Тим смотрел, как тетрадный лист тихо осыпается пеплом на паркетный пол и думал, что, если Борис во всем окажется прав, то на новое место жительства он поедет не один, но, вот, отнюдь не с ним, с Тимом.
***Шли вторые сутки этого странного состояния. Я не могла спать, но и толком не бодрствовала, словно сомнамбула, сидела у кровати Глеба и таращилась то в пространство, то на его заострившиеся черты и все еще сероватого цвета кожу.
Где-то сзади Саша или стучал по клавиатуре ноутбука, или вполголоса с кем-то разговаривал. Сейчас он говорил о каких-то поставках. Я особо не вникала.
Тим и Демон сменяли друг друга каждые сутки, но приходили, спрашивали как дела, ели и заваливались с пать на одну из кроватей в палате. Четыре кровати, на одной из которых спала я, еще на одной — устроился Саша. Борис разрешил фактически всем жить во временном пристанище Глеба, скрепя зубами и сверкая глазами. Забавный.

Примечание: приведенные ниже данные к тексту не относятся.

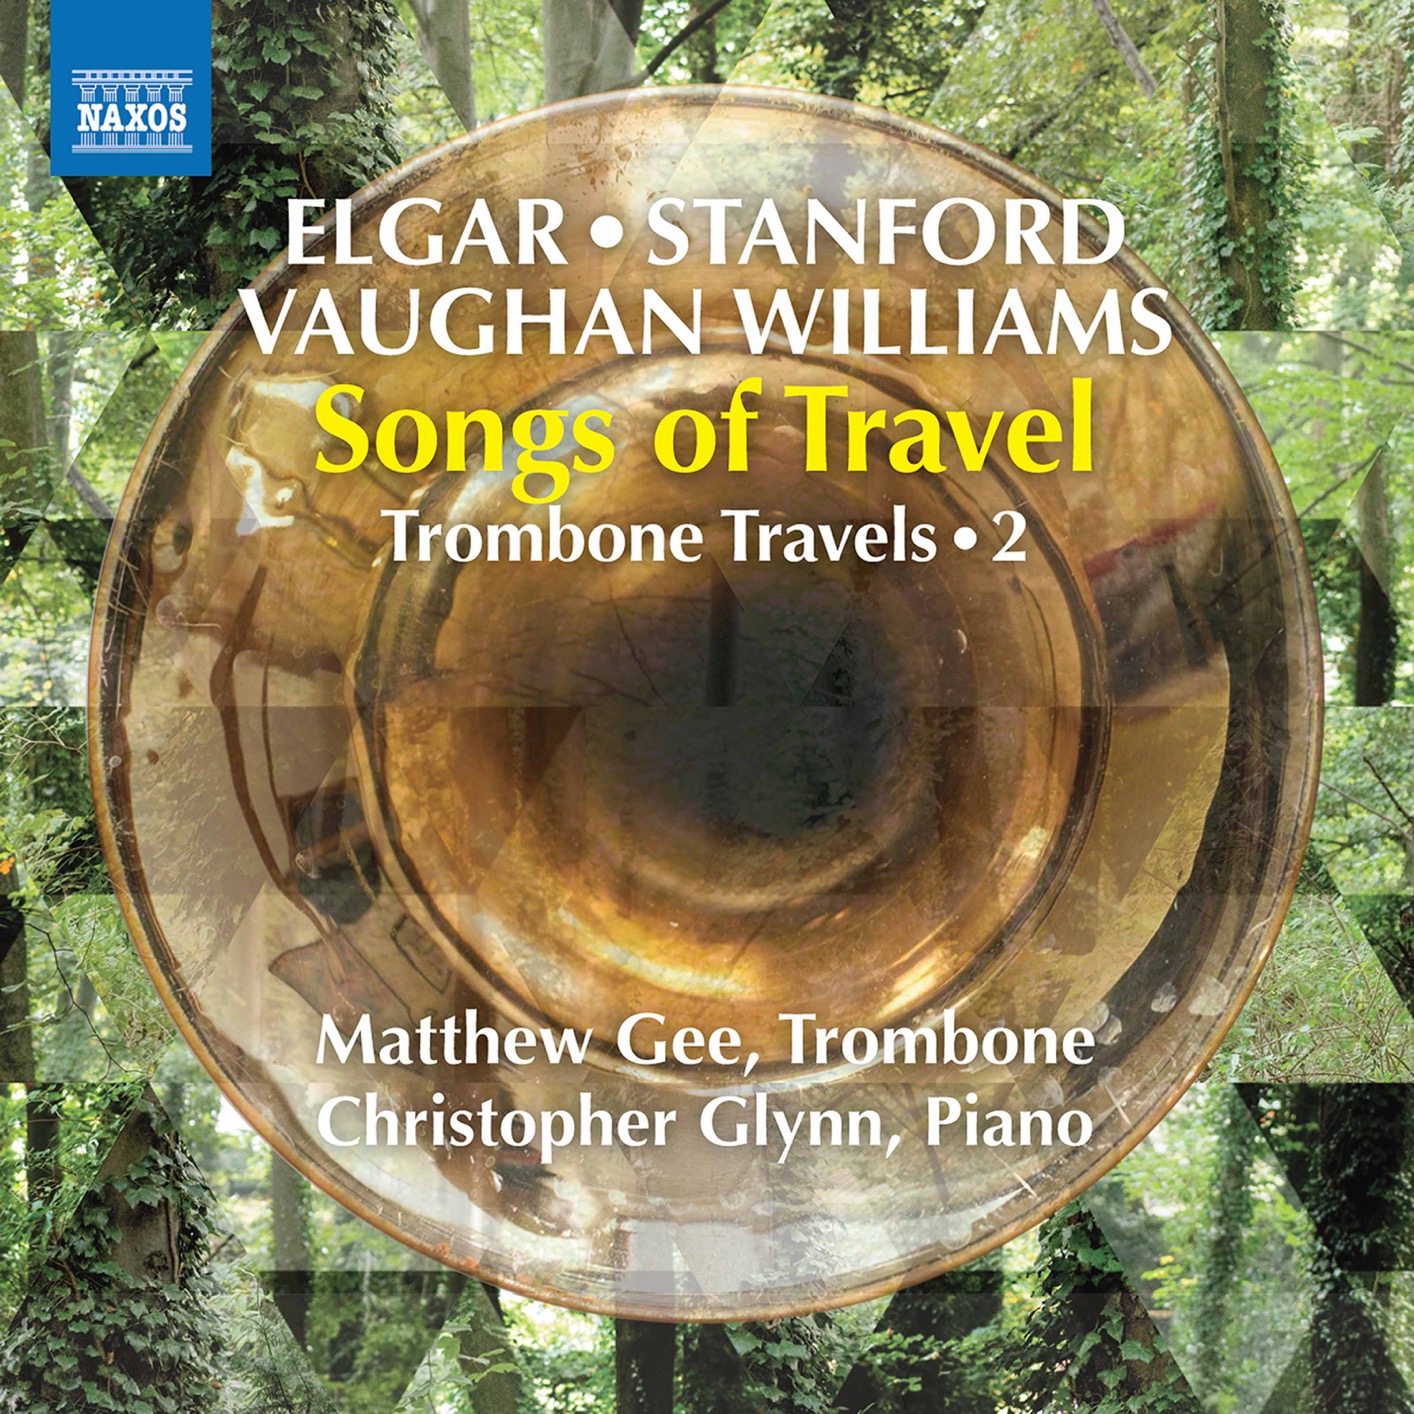 Matthew Gee & Christopher Glynn - Trombone Travels, Vol. 2 Songs of Travel (2021) [FLAC 24bit/96kHz]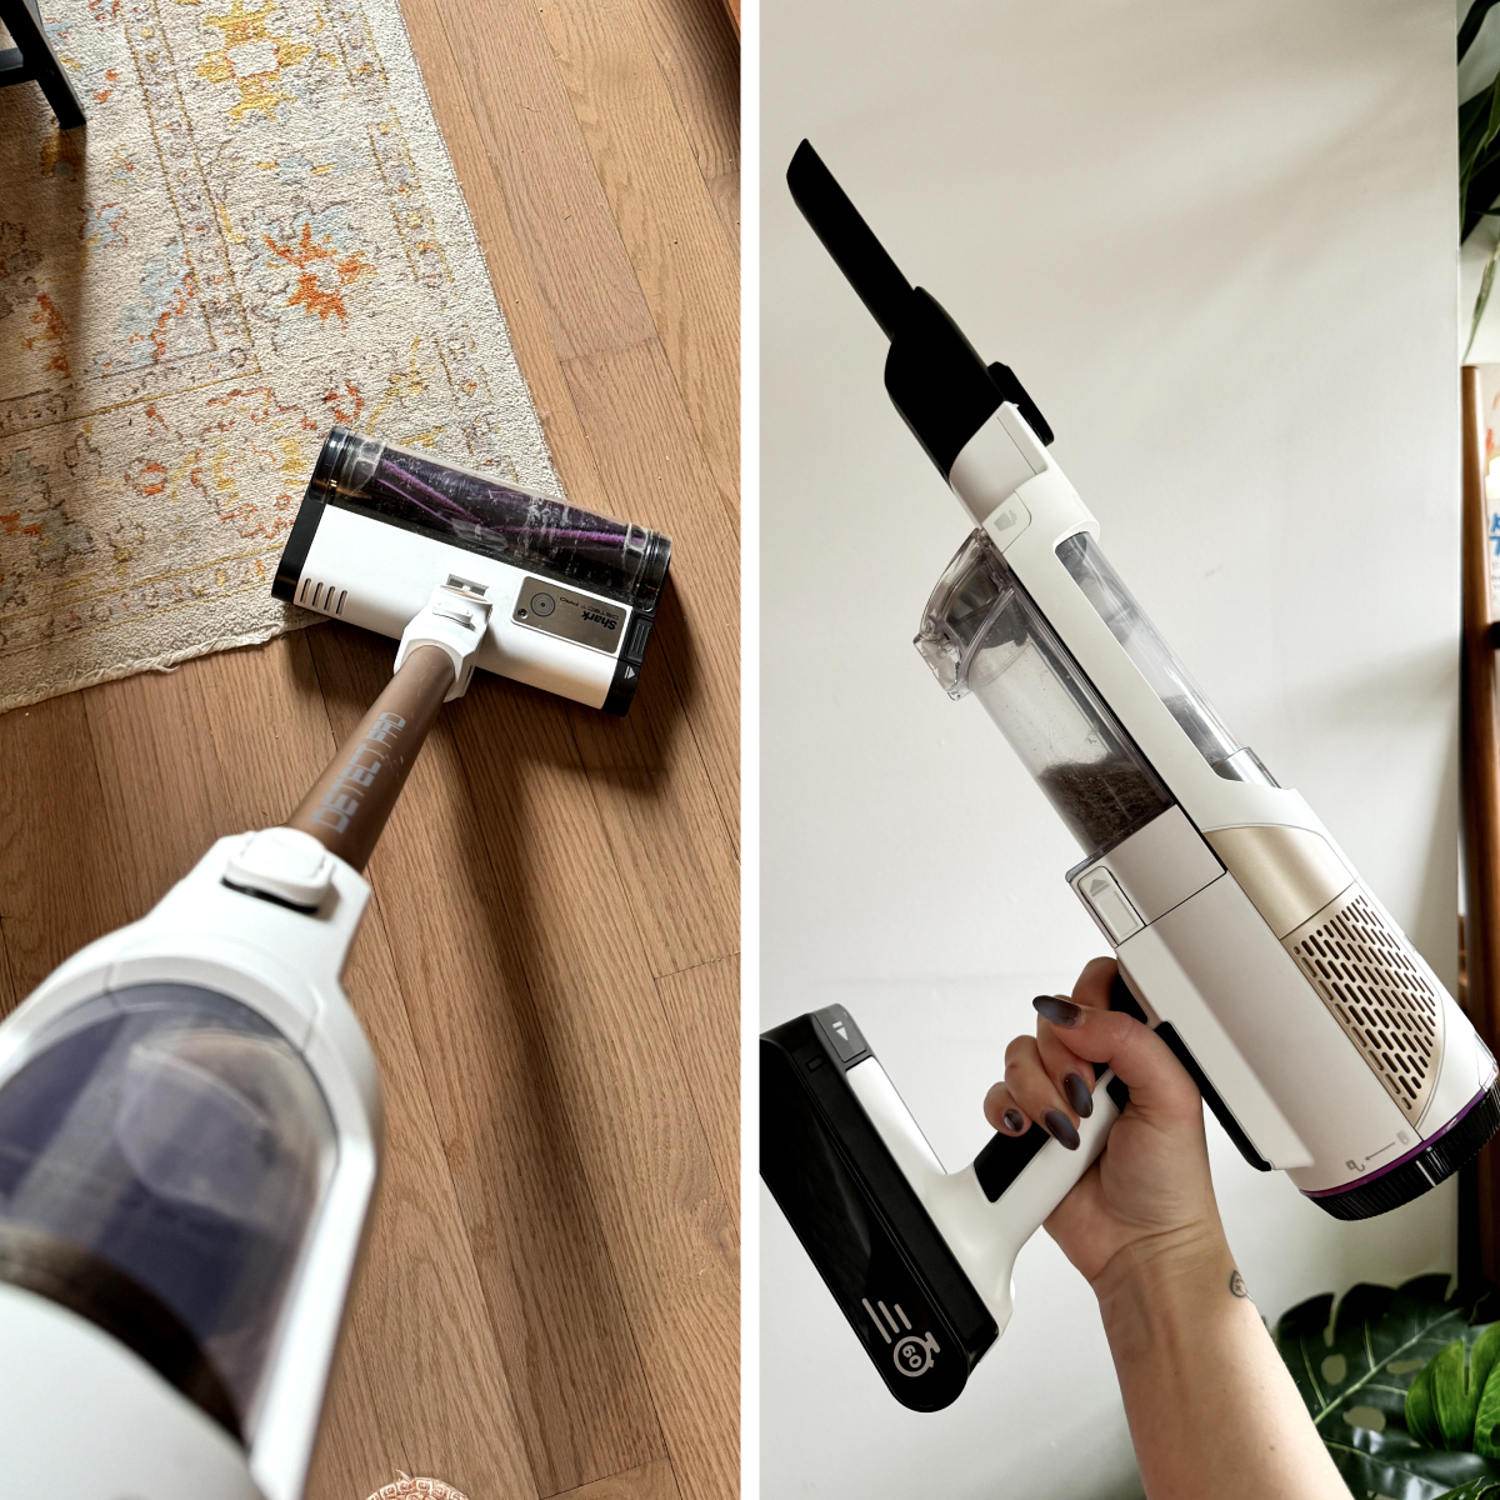 The Shark Detect Pro makes vacuuming less of a chore

Судя по внутренним часам, скоро должна прийти сестра, принести еду. Меня больше не кололи, только давали витамины, но Борис то и дело наведывался и контролировал не только состояние Глеба, но и меня расспрашивал с маниакальной настойчивостью о самочувствии и желаниях, реакциях.
По его внешнему виду становилось заметно, что последние двое суток дались тяжело не только нам. Если раньше я Бориса видела несколько манерным, прилизанным до тошноты: ни пятнышка на халате, ни отросшей щетины, ни одной выбивающейся из прически прядки, даже когда он нарочно ерошил свою блондинистую шевелюру.
Сейчас же явная трехдневная щетина хоть и придавала ему шарма, но и говорила о некоторой запущенности, скулы заострились, кожа казалась бледнее, а в глазах застыла тревога.
Вчера вечером он вызвал к себе Тима, не знаю о чем они разговаривали, Тим так и н признался, но и он теперь нет-нет, но терял контроль над эмоциями и то хмурился, впадая в длительные размышления, то его взгляд останавливался на мне и застывал. Что происходило в голове Змея — загадка. Но в глазах плескались отчаяние и решимость.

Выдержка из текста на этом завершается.